# Awesome Pro Shoot of Wills 'Series 3' 33 GTR before she sold...



## Wills_GunR33 (May 16, 2009)

Afternoon guys,

Just before Ricky, K4hn4ge, picked up my 33, i thought i would surprise him and also treat myself to a little pro photoshoot of the old girl. 

The chap who did it is a local friend of a friend who had a lot of fun with exposures etc... really pleased with the shots and they remind me what an awesome car it is. Sooo many people stopped to have a chat about the car during the shoot, just astonishing how much attention these beasts get. :smokin:

Anyway hope you enjoy them, apologies its a link to the gallery rather than uploaded straight to the page, however i hope you agree its worth it 

Skyline

I already hear Ricky is having alot of fun with the car which is great news. Certainly had alot of fun doing these pics, it was a dream come true to have a car worthy, well i think so, of a photoshoot. :chuckle:

Thanks

Wills


----------



## asiasi (Dec 22, 2007)

I looked at it when it was for sale,very cool car,no wonder it sold pretty quick.
Just make sure the new owner looks after her :chuckle:


----------



## David-R (Feb 25, 2010)

Cracking pics Wills- bet you miss her now!


----------



## WillRobDon (Jul 29, 2006)

Lovely mate, where were they taken?


----------



## nelly010 (Oct 30, 2008)

unreal


----------



## Wills_GunR33 (May 16, 2009)

willrobdon said:


> Lovely mate, where were they taken?



The outside shots were taken outside the pump rooms in Bath and the car park ones in the new Southgate multi story car park, again bath.

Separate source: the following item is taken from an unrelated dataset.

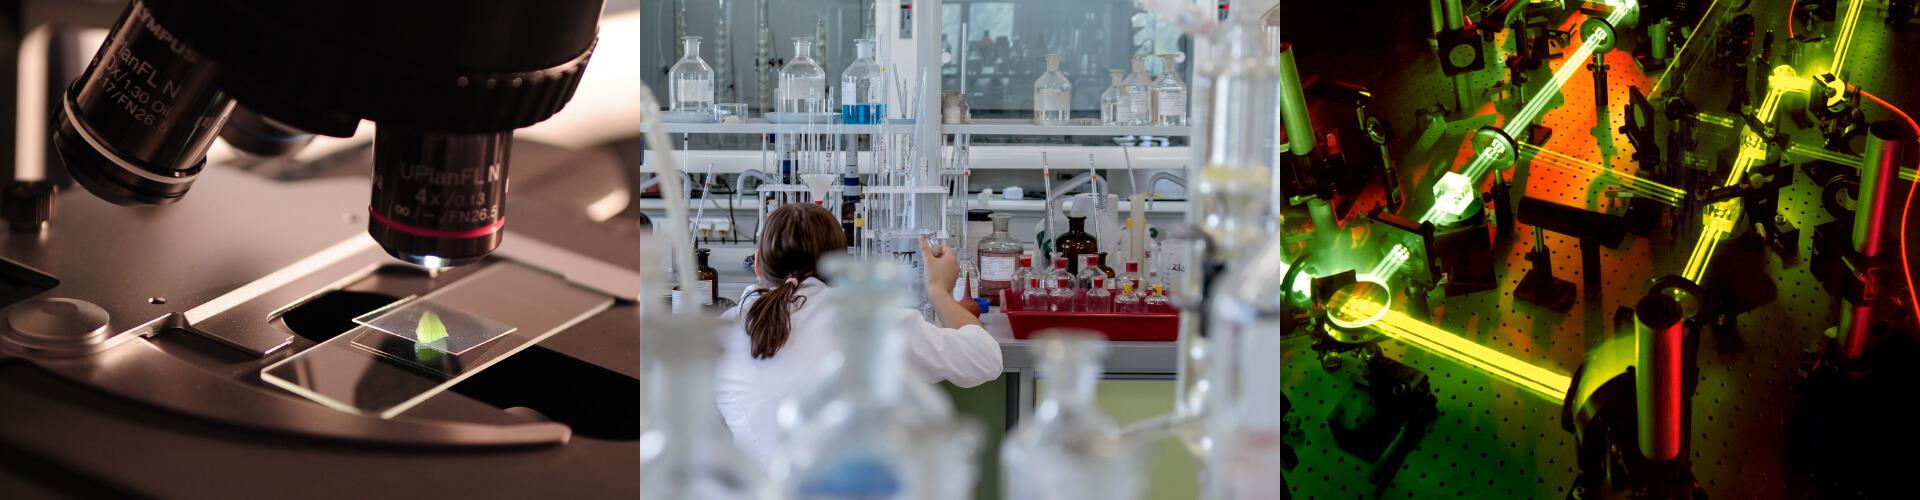 3 Bilder zeigen die wissenschaftlichen Bereiche Biologie, Chemie und Physik, für die eine wissenschaftliche Übersetzung infrage kommt

Being brand spanking new, that multi story is an awesome place to picture a car. Really clean location. :smokin:


----------



## Wills_GunR33 (May 16, 2009)

David-R said:


> Cracking pics Wills- bet you miss her now!



Cheers buddy, yeah missing her just a bit. Hows the 34 treating you? still got your awesome 32 as well? :bowdown1:


----------



## fourtoes (Feb 27, 2003)

Looks great Will, bet those pics make it harder to have parted with such a cracking car?
How's the saving for the new toy going?

bob


----------